# [Provided material]
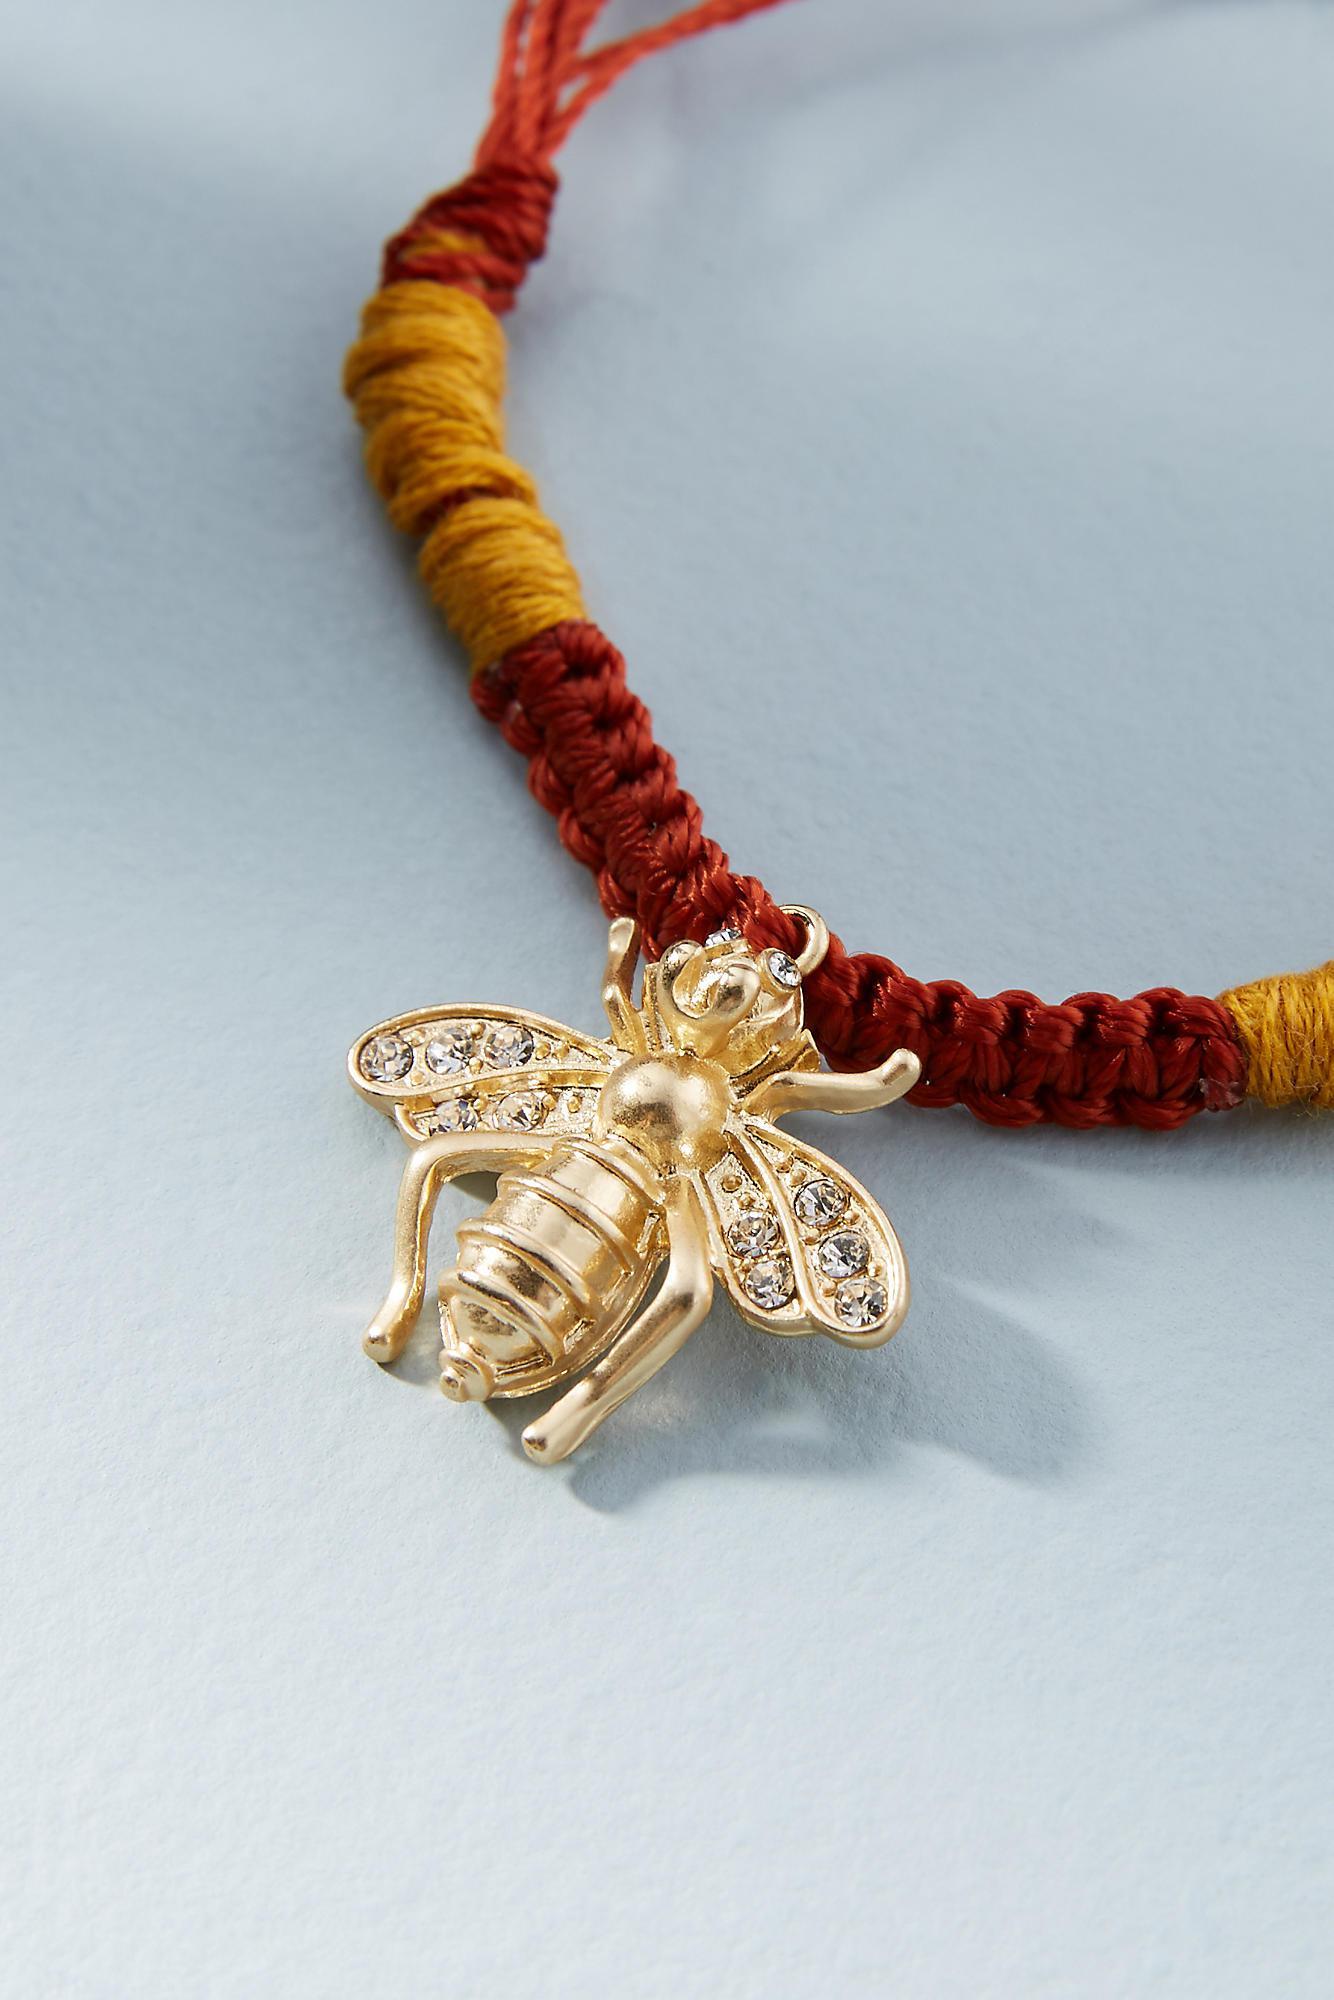 Anthropologie Woven Charm Bracelet XUm5Acx
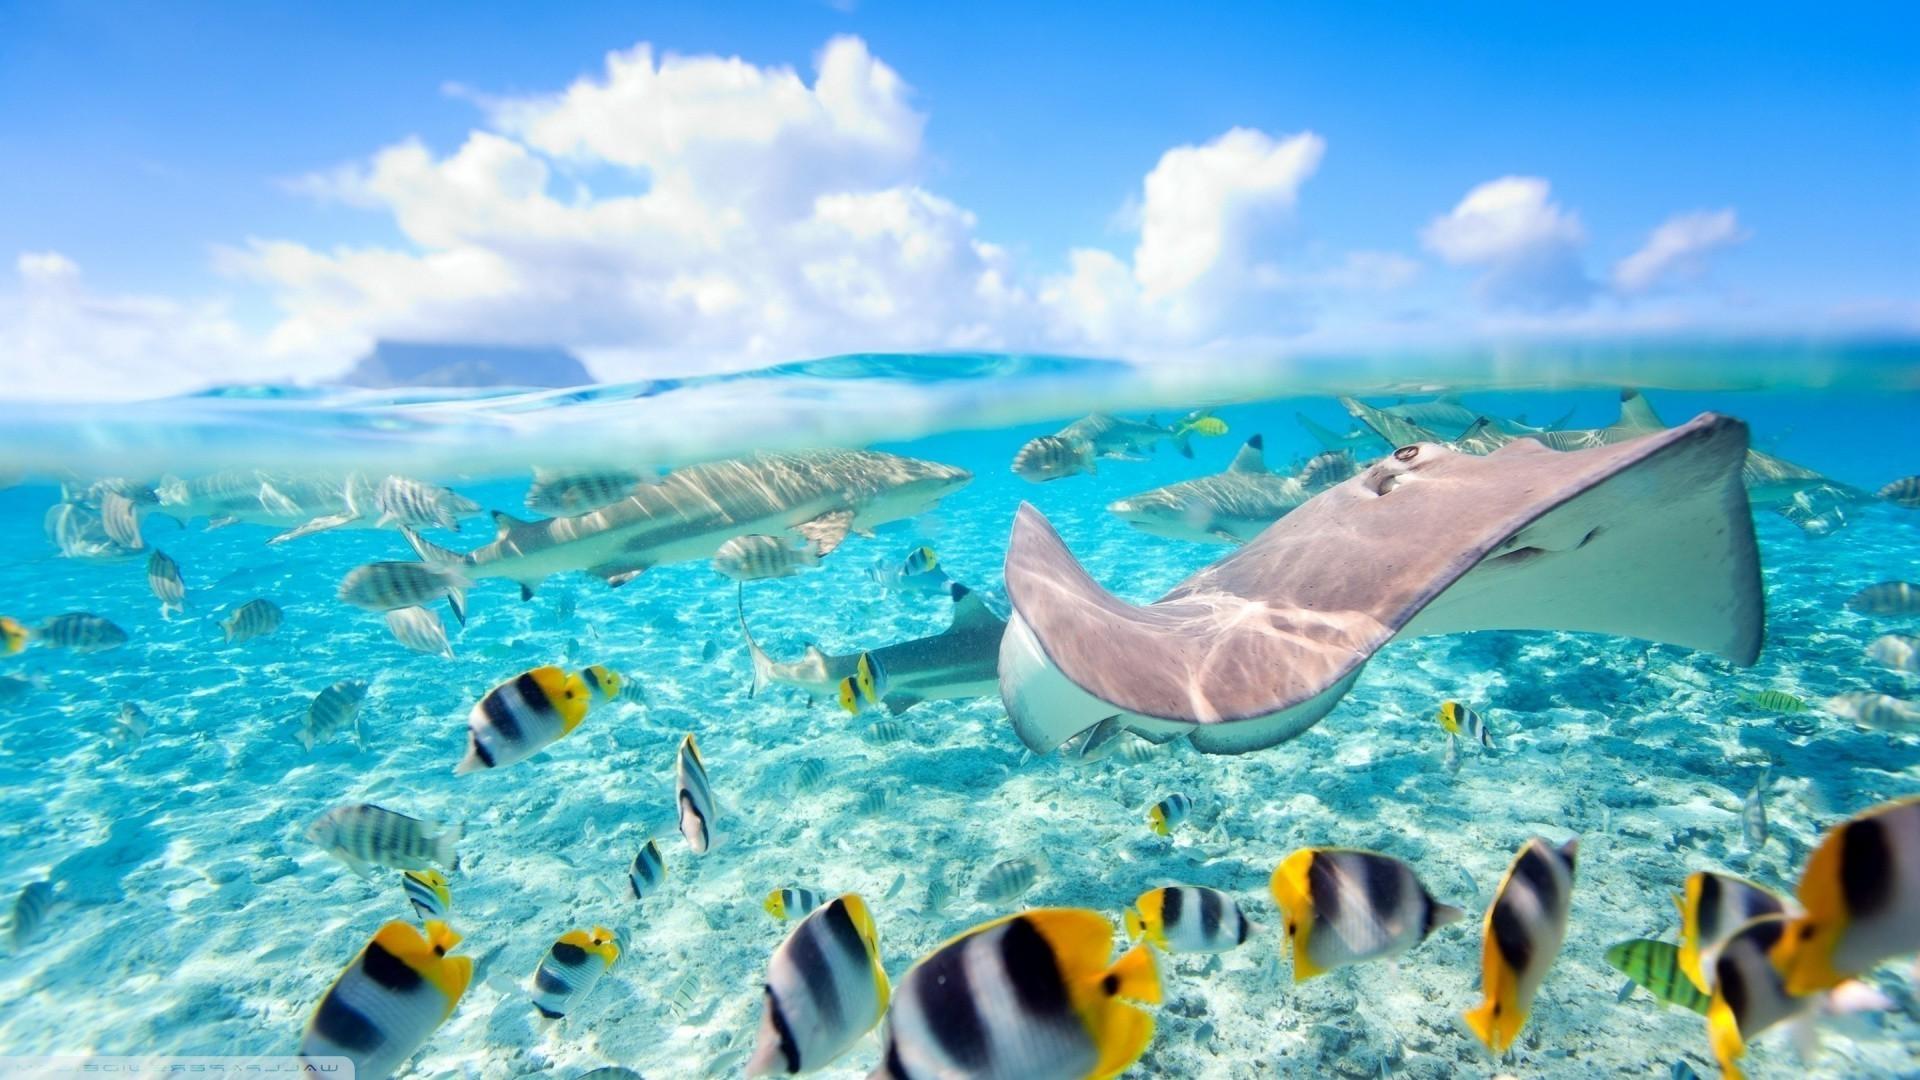 Bora Bora Wallpaper 70 Images
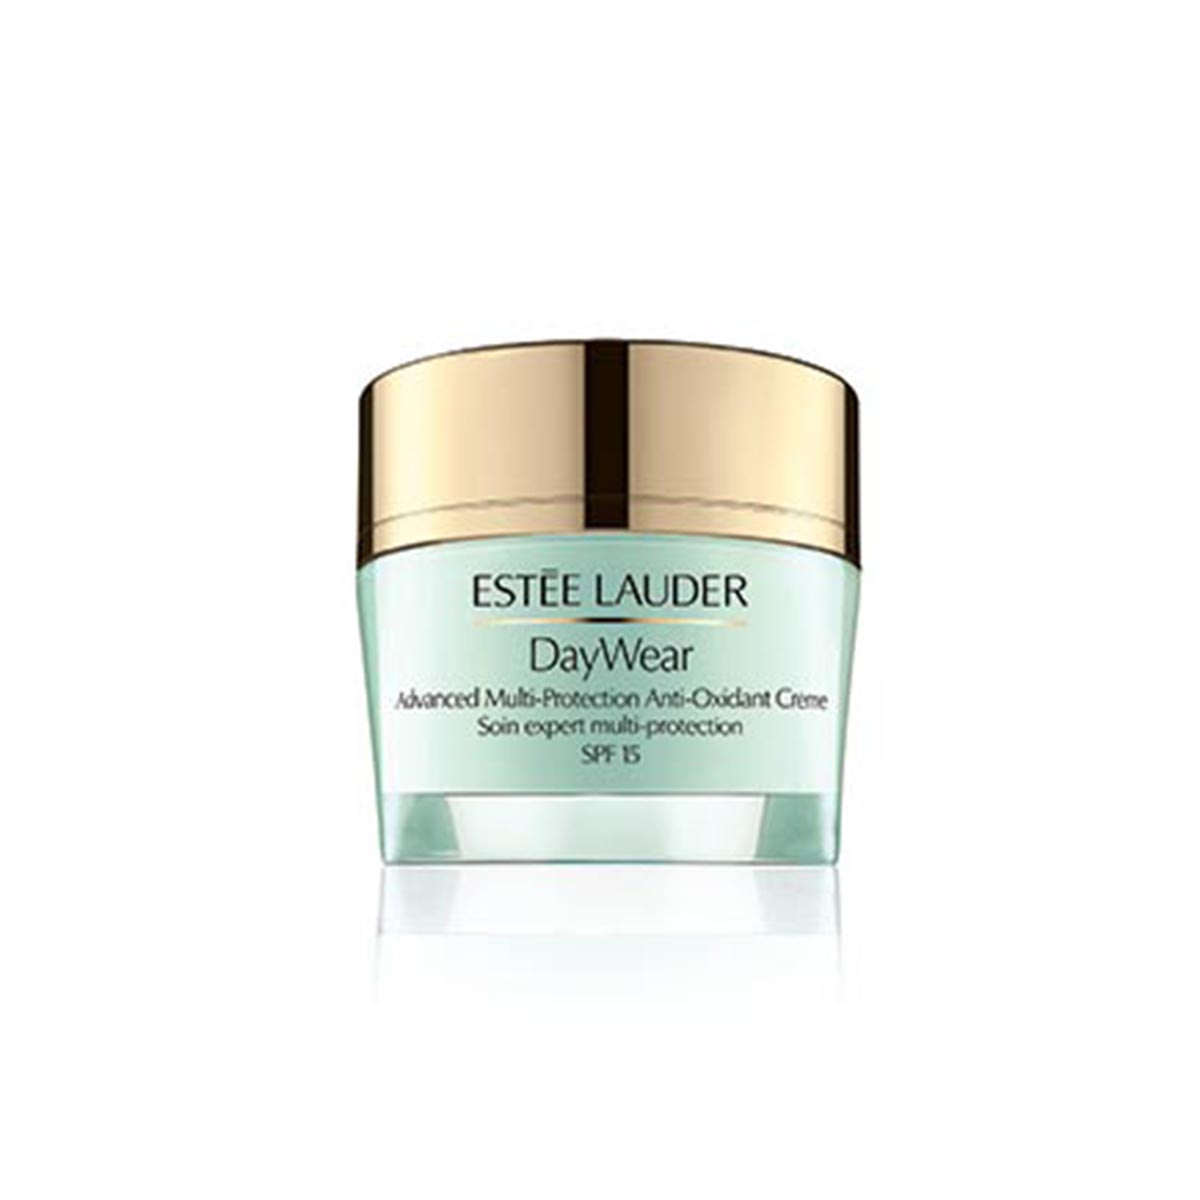 Estee lauder daywear cream piel mixta 50ml spf15

# [What the task requires]
Without the pictures, retype exactly the lines from the one that holds "Bora Bora Wallpaper 70 Images" to the last line of the data above, both of them included.

# [Answer below]
 Bora Bora Wallpaper 70 Images
 Estee lauder daywear cream piel mixta 50ml spf15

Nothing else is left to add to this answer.